Apesar de a pressão para se encaixar dentro de um padrão de beleza cultuado e sustentado principalmente pelo mundo da moda e pela mídia voltada ao público feminino, principalmente, Gilda Paoliello reforça que a subjetividade deve ser considerada e respeitada, mas para isso também há limites. “É comum pessoas que necessitam provocar mudanças em suas vidas e, erroneamente, localizam essa mudança no próprio corpo. Como este é um deslocamento, na verdade, de uma questão de seu mundo interno, elas nunca se satisfazem com o resultado, e podem buscar outras intervenções também fadadas ao fracasso”, salienta.
Para ela, há um paradoxo nessa submissão a padrões estéticos: “Ao contrário do que seria esperado, esses avanços que permitem se adequar a um padrão e manter a aparência jovem não foram acompanhados do equivalente em felicidade e bem-estar. O que encontramos é uma taxa crescente de mal-estar, contabilizada nas estatísticas sobre depressão e quadros afins”, resume.

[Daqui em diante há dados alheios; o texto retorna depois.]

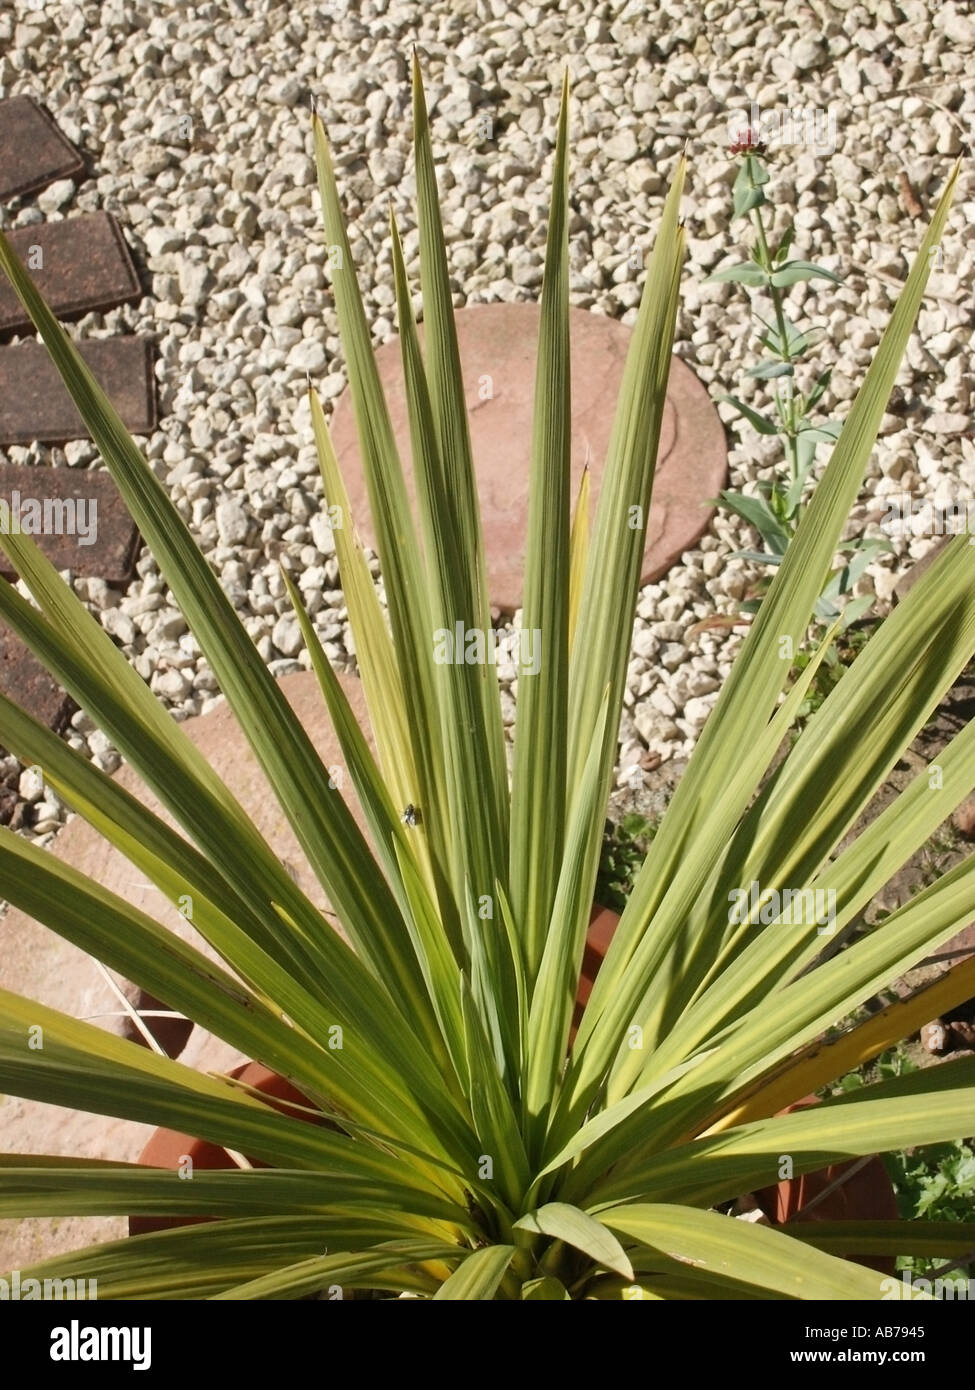 Essex stachelige grüne Blätter immergrünen Cordyline Pflanze im heimischen  Garten auch bekannt als eine Kohl-Palme Stockfotografie - Alamy

A sutura é feita com fio absorvível e cai espontaneamente, sem a necessidade da retirada de pontos. Também não é necessário curativo e o procedimento não deixa cicatriz aparente e nem provoca a perda da sensibilidade local.
Já no caso da hipertrofia, o que se faz é uma lipoaspiração com cânula fina para diminuir aespessura dos grandes lábios.